PAL appealed the said awards to the National Labor Relations Commission (NLRC for short). PALSA filed a motion to dismiss PAL's appeal. The NLRC refused to dismiss the appeal and, on September 13, 1976, rendered a decision reversing the decision of the Voluntary Arbitrator. The dispositive portion of the decision of the NLRC reads as follows: 1wph1.t

WHEREFORE, in view of an the foregoing considerations, the Awards appealed from should be, as it is hereby REVERSED, insofar as it (1) granted emergency cost of living allowance to PALSA members retroactive to February 18, 1974; (2) revised the retirement plan and increased the benefits arising from compulsory and optionally retired PALSA members; and (3) directs PAL to reinstate Vicente Arrieta now to his former position or another equivalent position.
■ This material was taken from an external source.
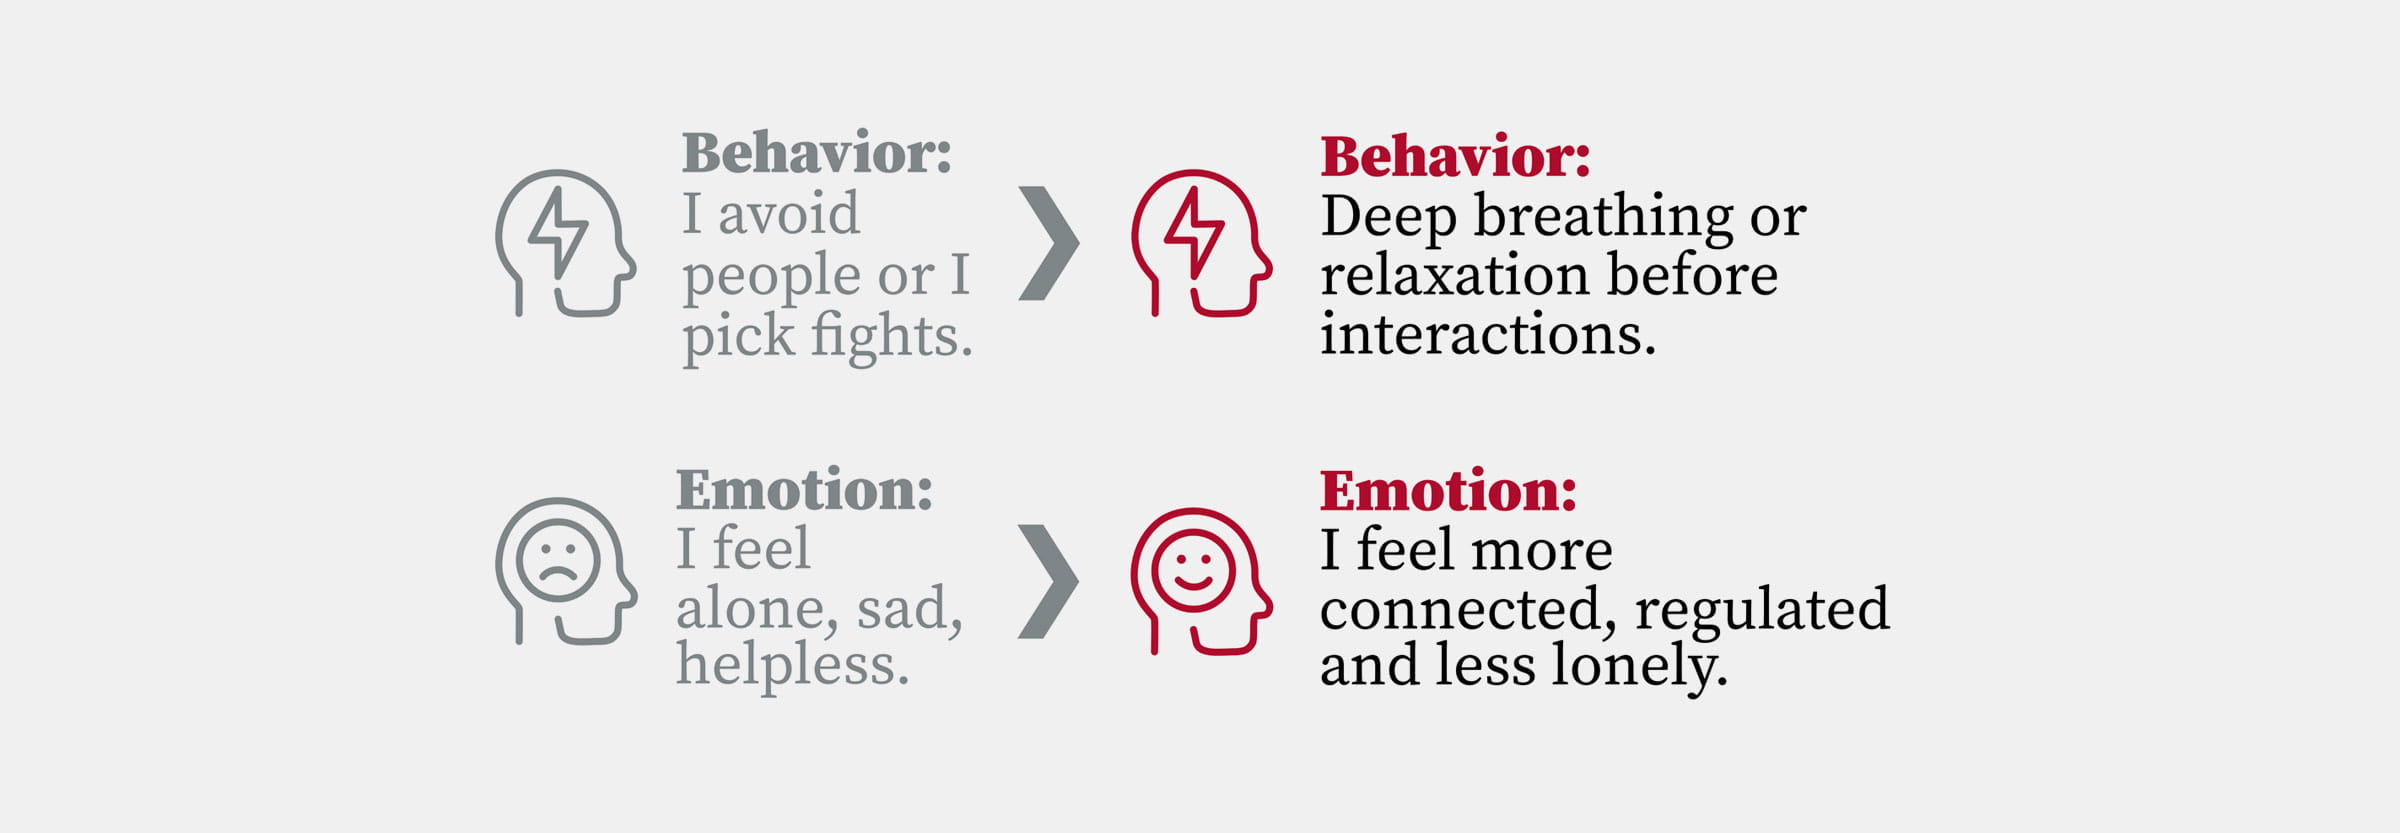 Brief Cognitive Behavioral Therapy (BCBT) explained

However, PAL is directed to re-employ Vicente Arrieta immediately upon the availability of any job opening which is substantially similar to his former position, after satisfying the conditions set forth in the current collective bargaining agreement of the parties herein, or, in the alternative, to allow Vicente Arrieta to avail of the retirement privileges extended to his co-retrenched supervisory employees, pursuant to the Order of the Court of Industrial Relations dated 22 October 1971 in CIR Case No. 315-Inj.

PALSA appealed the decision of the NLRC to the Department of Labor, again reiterating its claim that the awards of the Voluntary Arbitrator cannot be the subject of review. The Department of Labor, thru its then Acting Secretary Amado Gat Inciong, upheld the NLRC in an order, dated June 16, 1977, affirming the decision of the NLRC.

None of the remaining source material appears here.